I tempi di Gucci e YSL sono ormai lontani, ma Tom Ford non ha affatto interrotto la sua ricerca estetica. Il suo Nocturnal Animals, in concorso alla 73° edizione della Mostra d’Arte Cinematografica di Venezia, trasuda in ogni dettaglio una consapevolezza realizzativa che suggerirebbe un’esperienza ben superiore a quella realmente maturata dal regista, qui alla seconda opera. Il film è indiscutibilmente bellissimo, dai movimenti di macchina alle scelte compositive, dalla ricorrenza di temi visivi (si pensi al nudo, costatogli già aspre critiche per le campagne del suo passato nella fashion industry) all’eleganza del montaggio (diretto da quella Joan Sobel che si è fatta le ossa come primo assistente all’editing con Paul Thomas Anderson e Tarantino). Per non parlare poi degli scioccanti e meravigliosi titoli di testa, la cui pretestuosità è irrilevante davanti alla forza figurativa con cui accolgono lo spettatore. O del riuscitissimo commento musicale, incalzante ma mai invasivo, che ricorda non poco quello della serie Showtime Penny Dreadful (il compositore, indovinate un po’, è lo stesso: il polacco Abel Korzeniowski). E ancora, come non ammirare le luci impeccabili di Seamus McGarvey (direttore della fotografia anche in Avengers), che dividono come rasoi il glam di Amy Adams dalla spontaneità di Jake Gyllenhaal, e nel rapido nudo perfetto della figlia della protagonista regalano un’estasi artistica prorompente? E poi le scene di alta tensione, come sono girate!
Tutto perfetto, quindi? No. Il film ha un problema molto serio: la sceneggiatura.

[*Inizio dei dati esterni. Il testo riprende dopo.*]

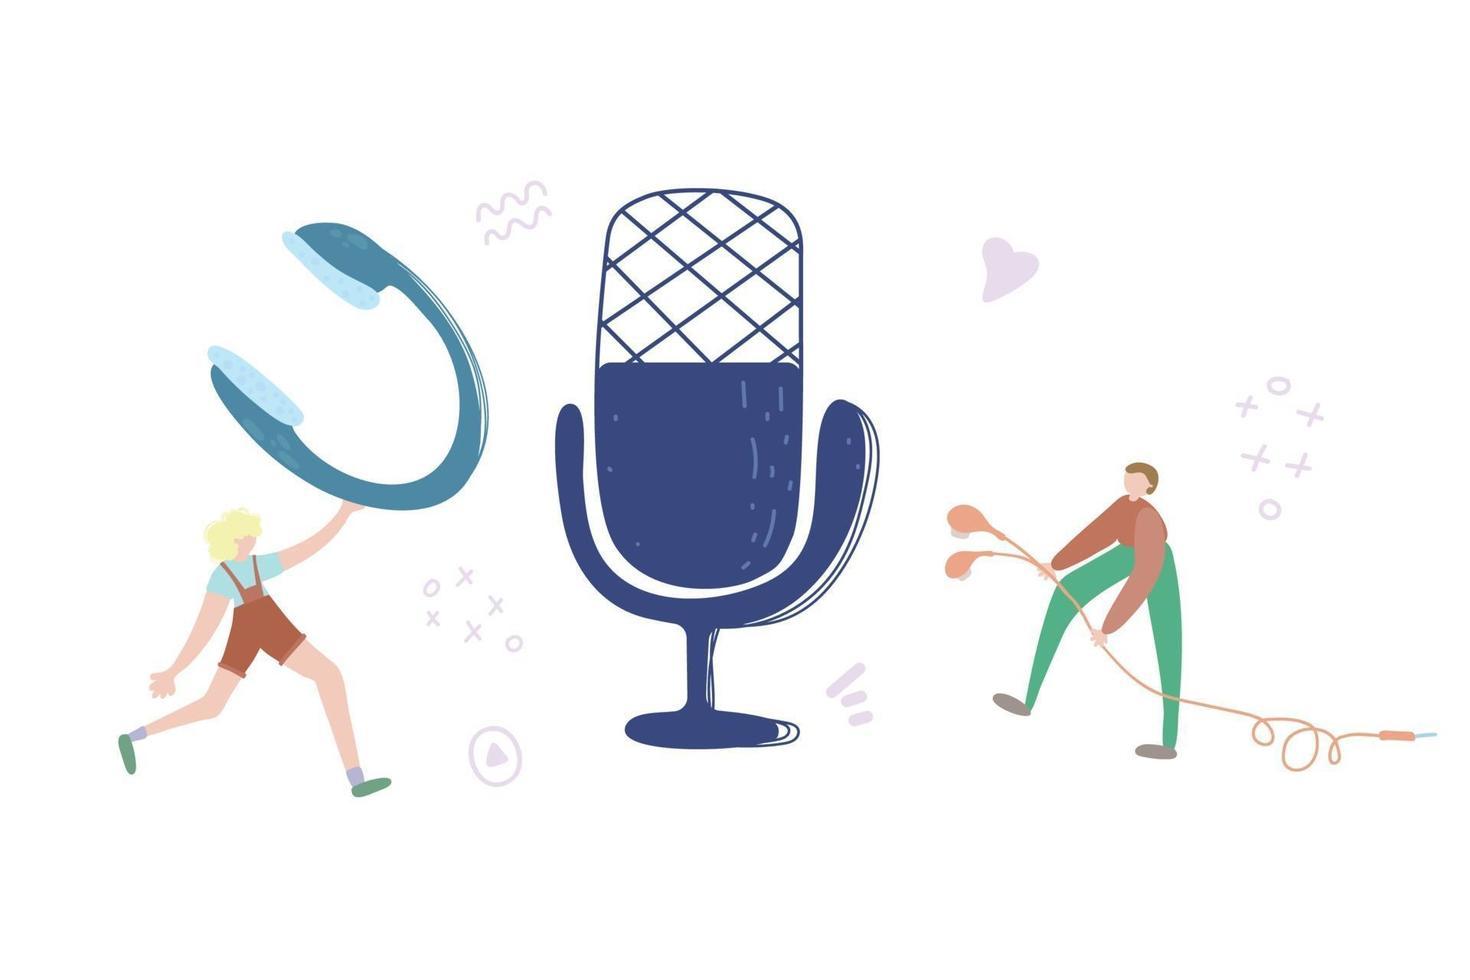 audiochat koncept, podcast show handritad platt vektorillustration. man med hörlurar och mikrofontecknad karaktär. internetradiosändning, abstrakt begrepp för multimediaunderhållning vektor

Il soggetto è quello di Tony and Susan di Austin Wright. Susan (la Adams) è una gallerista che affronta un periodo di ristrettezze economiche, tanto che nella sua villa da rivista trovano posto un Koons e un Hirst. Un ventennio prima era sposata con Tony (Gyllenhaal), uno scrittore dal carattere debole ma dai sentimenti sinceri: nulla a che fare con il suo attuale compagno, ora algido e carismatico traditore, per cui l’aveva spietatamente lasciato allora. Tony, dopo una vita, si rifà vivo in modo del tutto inaspettato: fa recapitare alla ex moglie il manoscritto del suo ultimo libro, a lei dedicato e da lei ispirato. Il film è incentrato tutto sulla lettura del tomo, che si svolge come un film nel film lasciando al contesto di partenza lo spazio di piccole parentesi tese principalmente a dipingere il turbamento di Susan.
La storia del libro guadagna il primo piano, e ci narra (senza spoilerare nulla) delle vicende di una famiglia che nel bel mezzo di un viaggio si trova a dover affrontare individui poco raccomandabili. Alla fine della pellicola il parallelismo tra l’esperienza di vita dello scrittore e quello del suo personaggio sarà evidente – seppur non avvincente –, ma l’insistito senso di pericolo che vorrebbe suggerirci Ford, per il quale Susan dovrebbe sentirsi minacciata dalle pagine inviatele, rimane tutto nelle intenzioni del cineasta, dato che sulla celluloide non ne troviamo traccia.
Arrivando al finale, il fulcro della storia torna su Amy Adams, costretta a fare i conti con le proprie scelte ma senza alcun reale pathos, e mentre starete aspettando qualche evento che risolva la narrazione o giustifichi l’evanescenza di quanto visto in precedenza, arriveranno i titoli di coda a lasciarvi a bocca asciutta.
Tom Ford, che qui produce, scrive e dirige, dimostra di poter essere un regista di grandissimo talento, eppure rimane un’incognita ben più grande di quelle che vorrebbe aleggiassero nella sua pellicola: perché si ostini a firmare lo script, quando con la collaborazione di qualche bravo sceneggiatore potrebbe veramente lasciare il segno.
In conclusione Nocturnal Animals è un lavoro di grande impatto che di certo incontrerà il gusto di molti, ma all’uscita dalla sala – a detta di chi scrive – rimane un’occasione sprecata. Una confezione di grandissimo livello formale per la più banale delle delusioni amorose.
Per fortuna Michael Shannon offre una performance caricaturale, grottesca e straordinaria.
Venezia 73: la recensione in anteprima di Nocturnal Animals (NO SPOILER)
Tom Ford confeziona un racconto esteticamente impeccabile con grande convinzione, ma la sceneggiatura lascia più di un dubbio.